%%
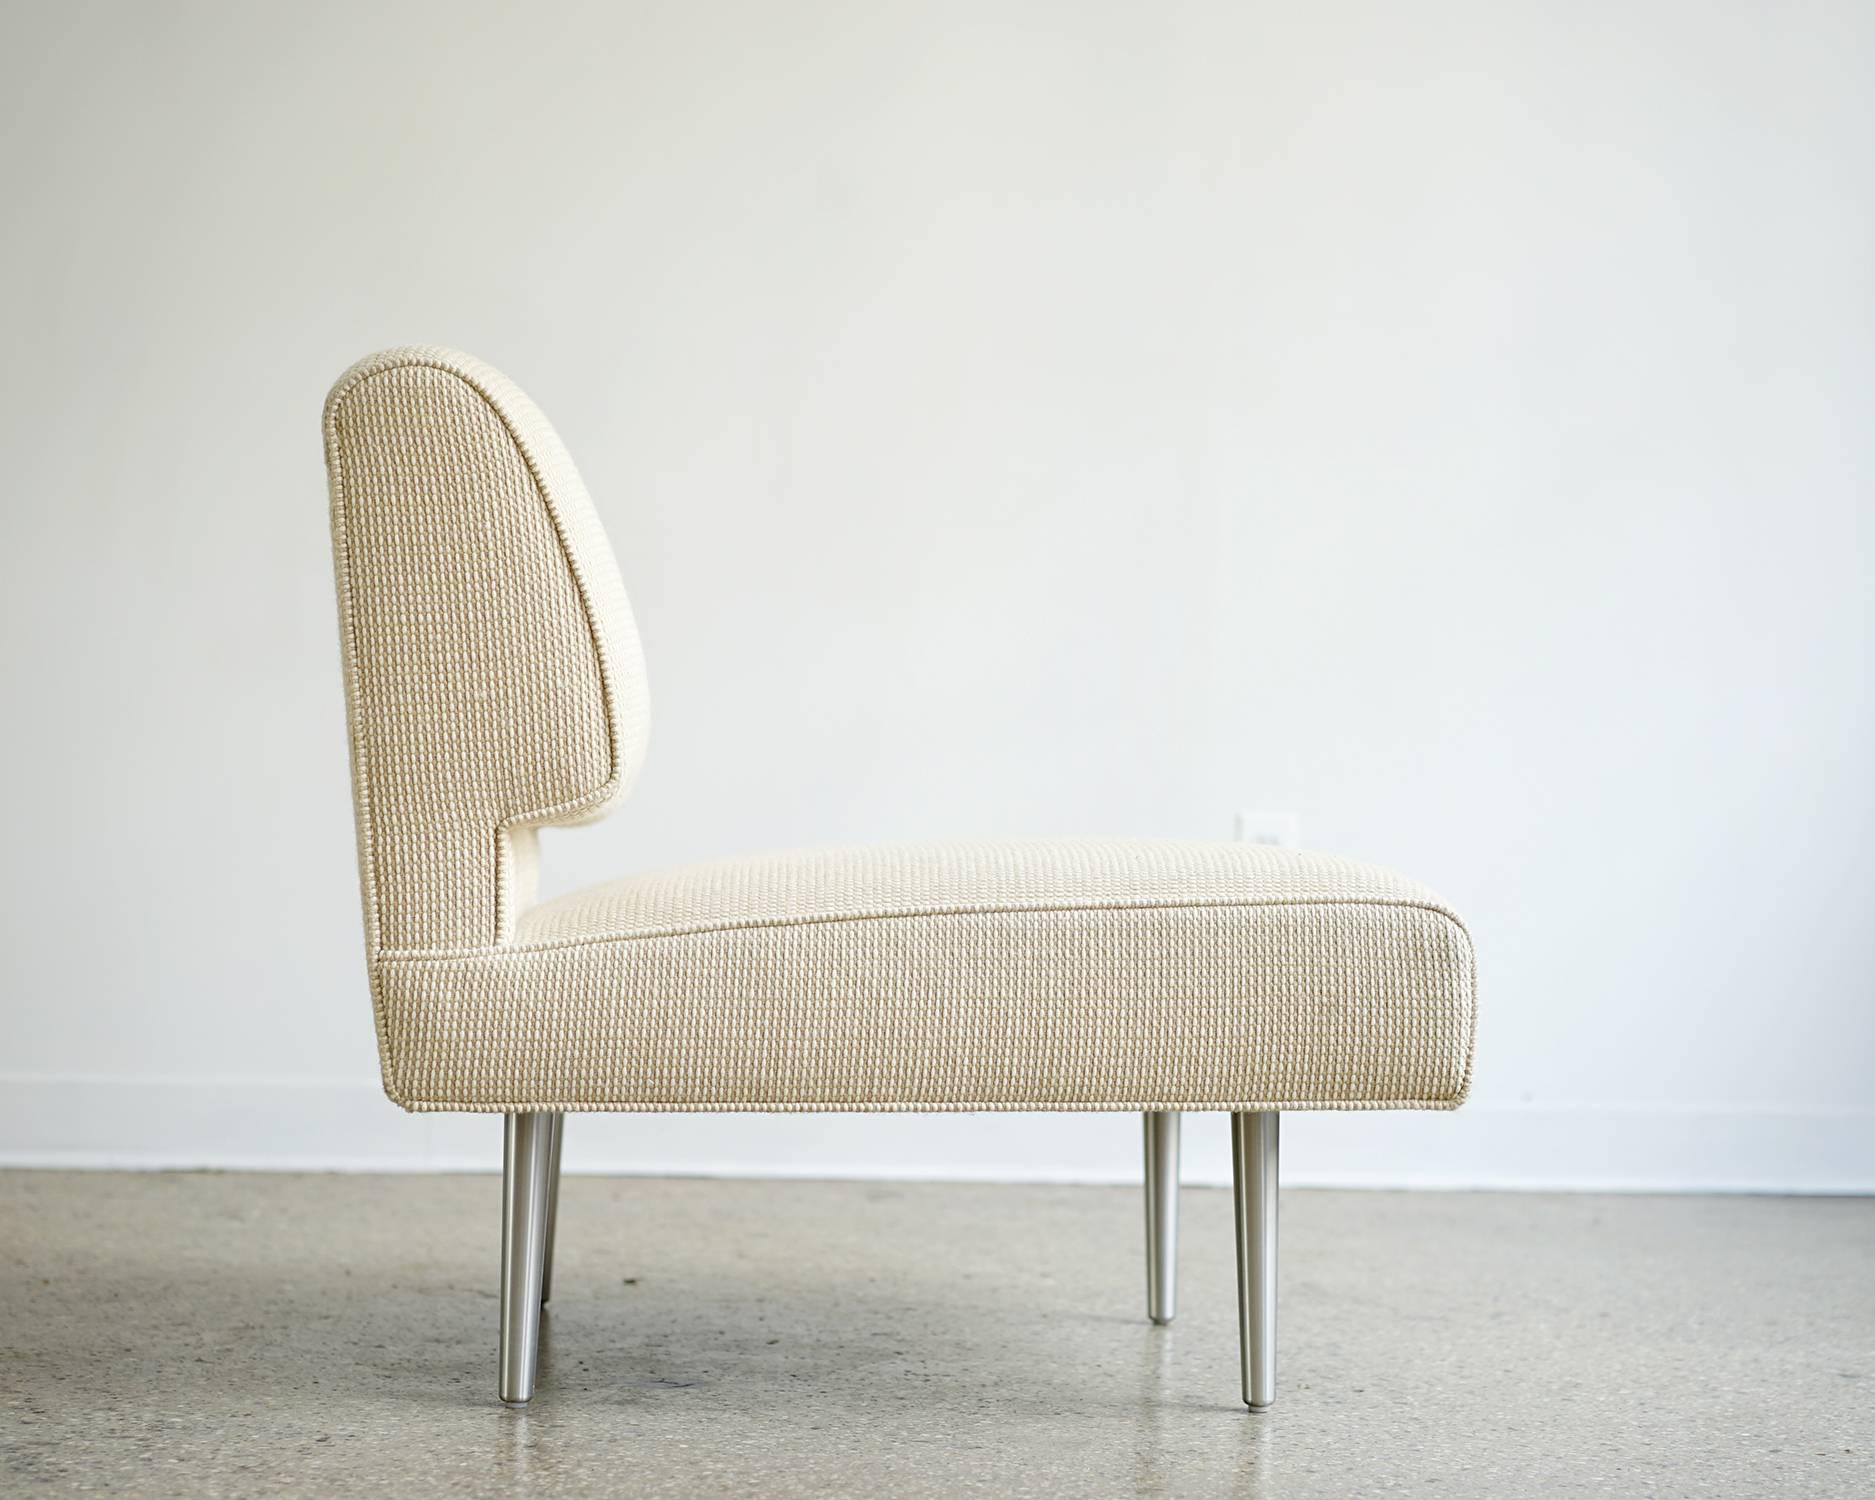 American Gabrielle Chair by Edward Wormley
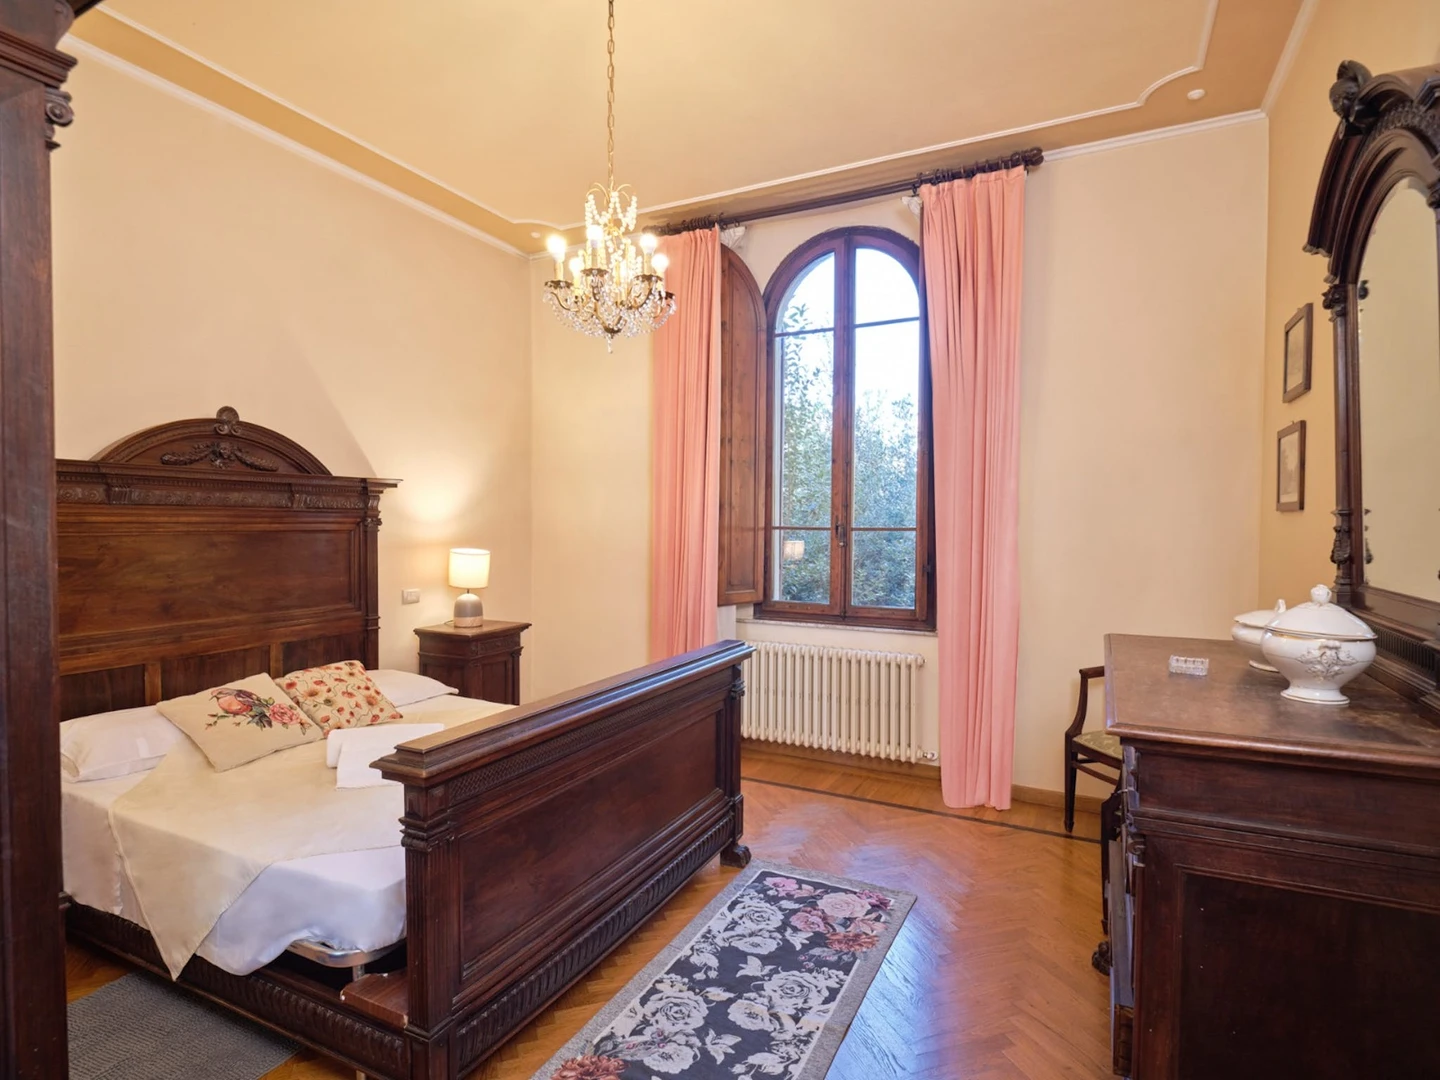 Chambre individuelle bon marché à Sienne
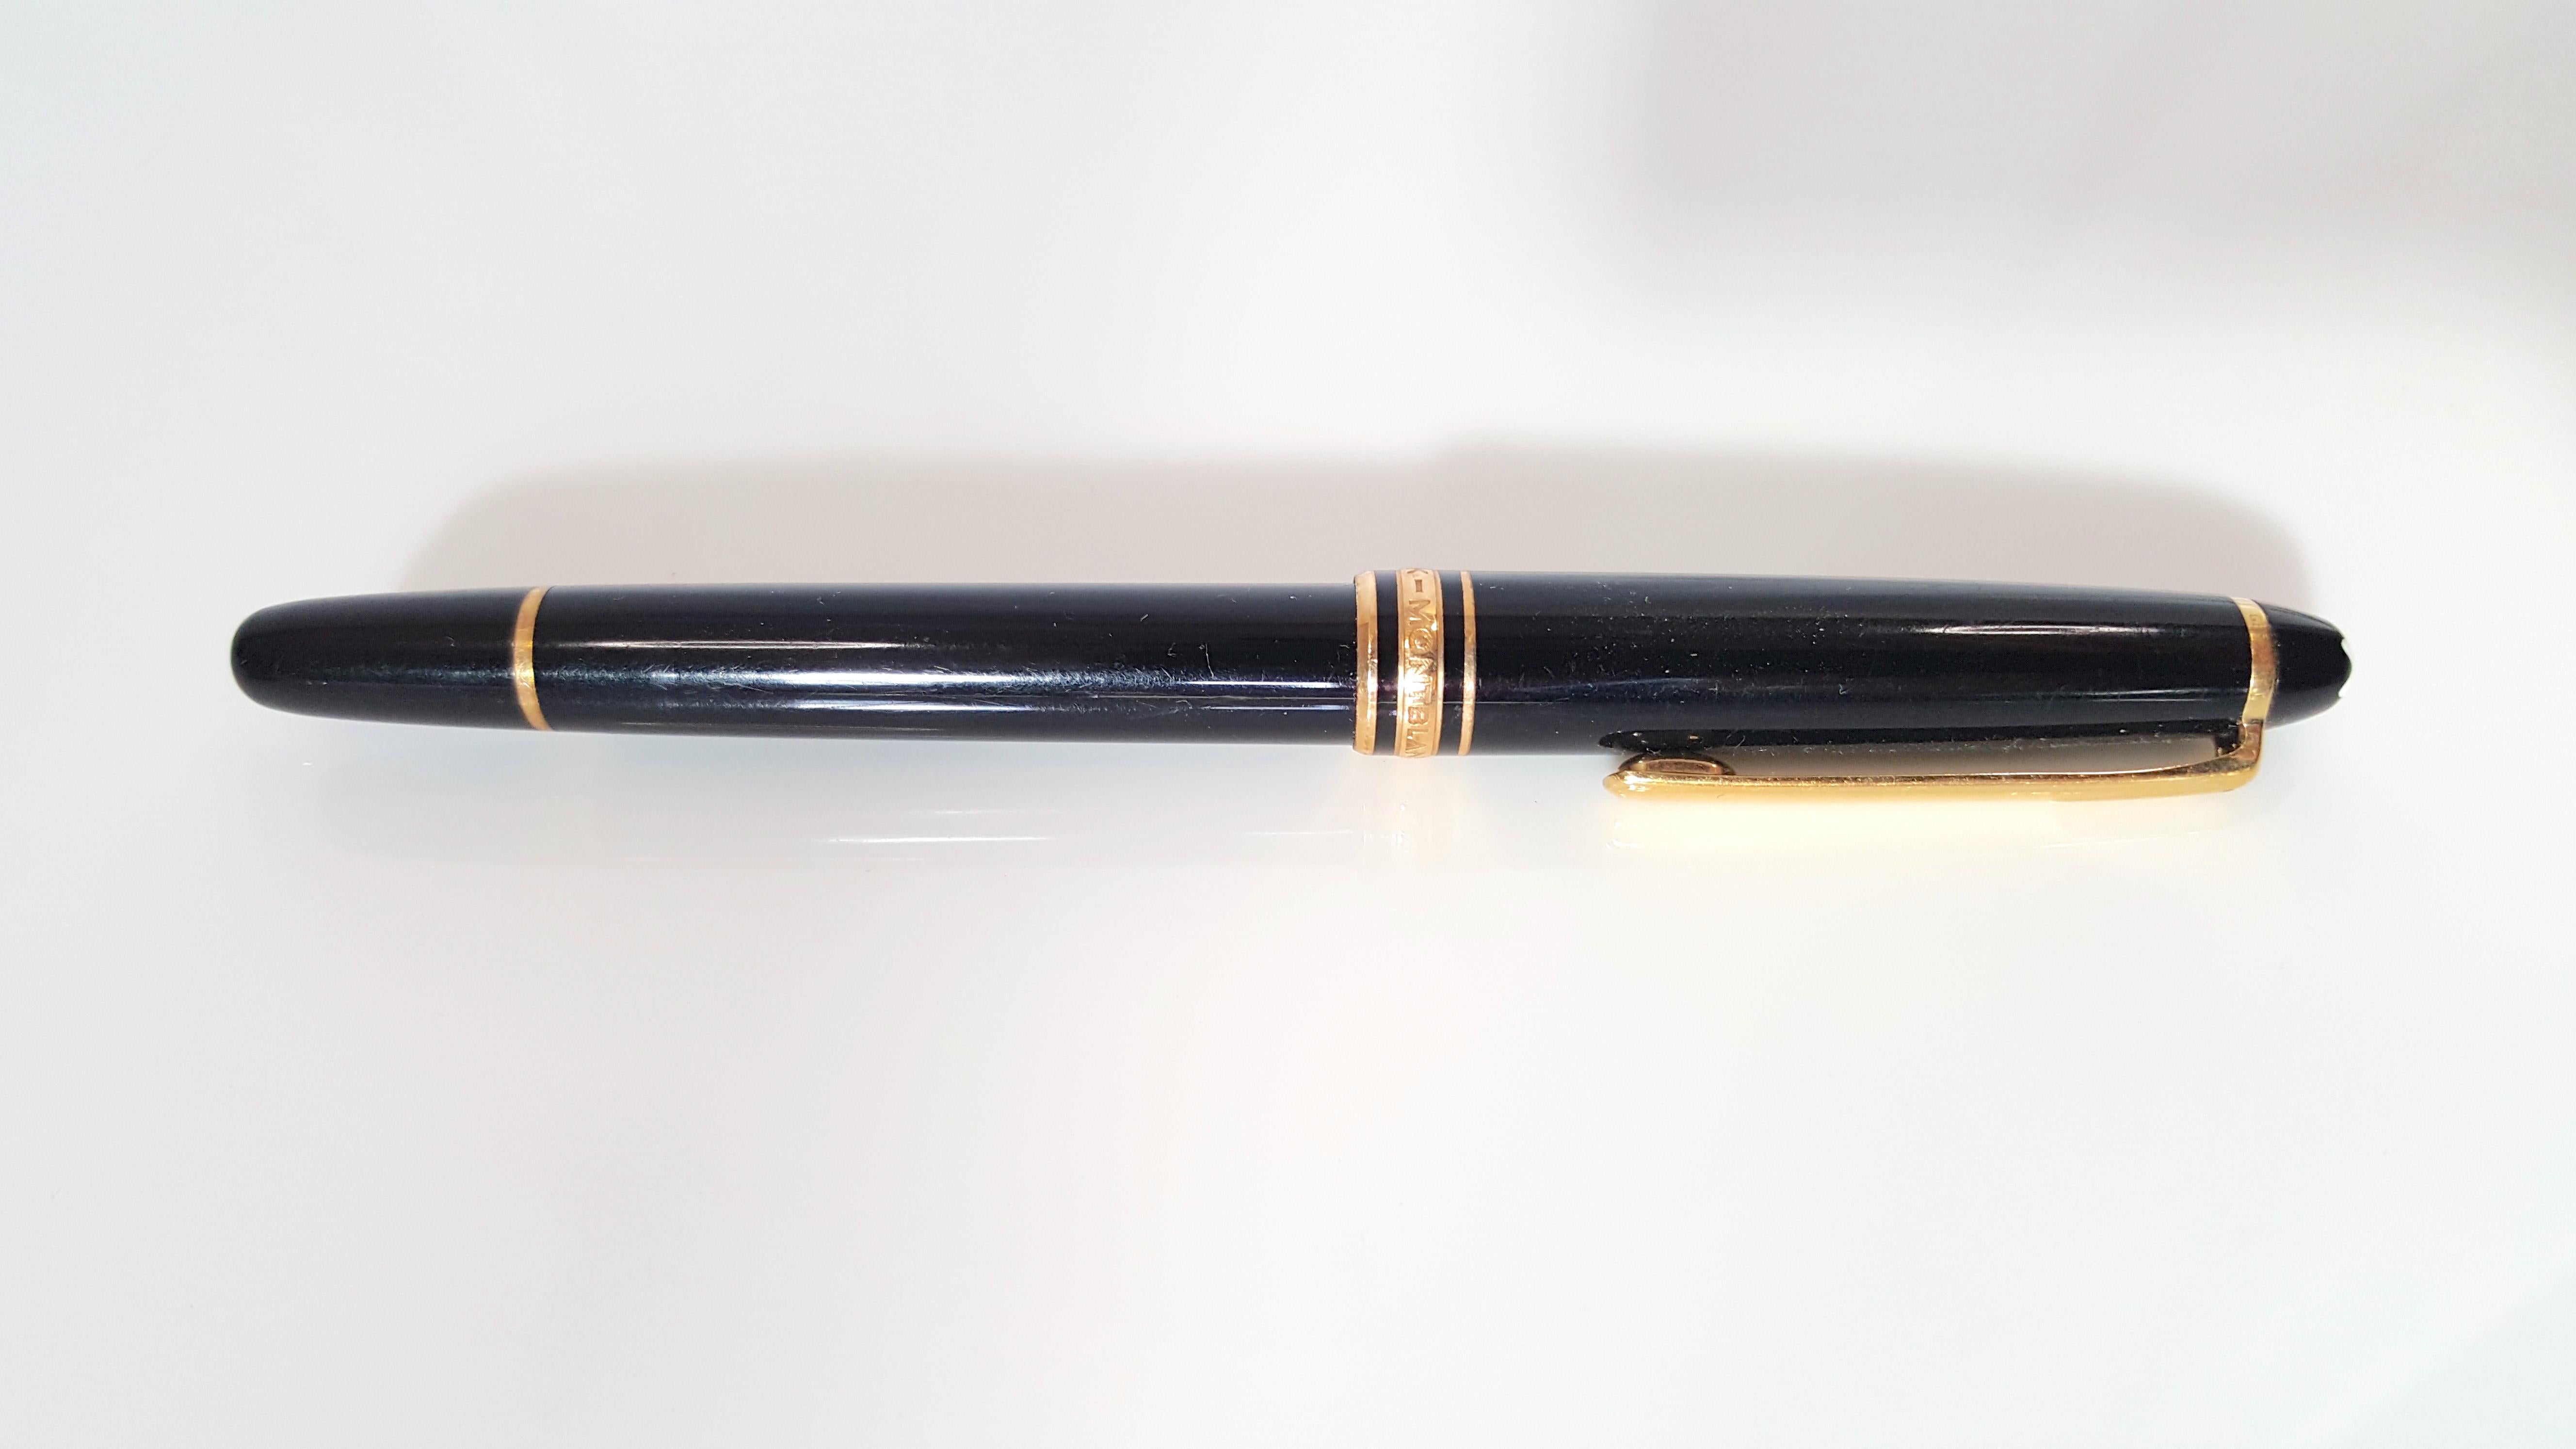 Dieser Meisterstuck Classique ist das bekannteste Schreibgerät aller Montblanc Collection'S. Er verfügt über sechs vergoldete Ringe und einen Clip auf dem schwarzen Rollerball-Kugelschreiber aus Kunstharz mit abziehbarer Kappe, einer einzigartigen
%%
- **TASK TO COMPLETE**:
Apart from the pictures, the material above has to be repeated exactly.

- **WORKED SOLUTION**:
 American Gabrielle Chair by Edward Wormley
 Chambre individuelle bon marché à Sienne
 Dieser Meisterstuck Classique ist das bekannteste Schreibgerät aller Montblanc Collection'S. Er verfügt über sechs vergoldete Ringe und einen Clip auf dem schwarzen Rollerball-Kugelschreiber aus Kunstharz mit abziehbarer Kappe, einer einzigartigen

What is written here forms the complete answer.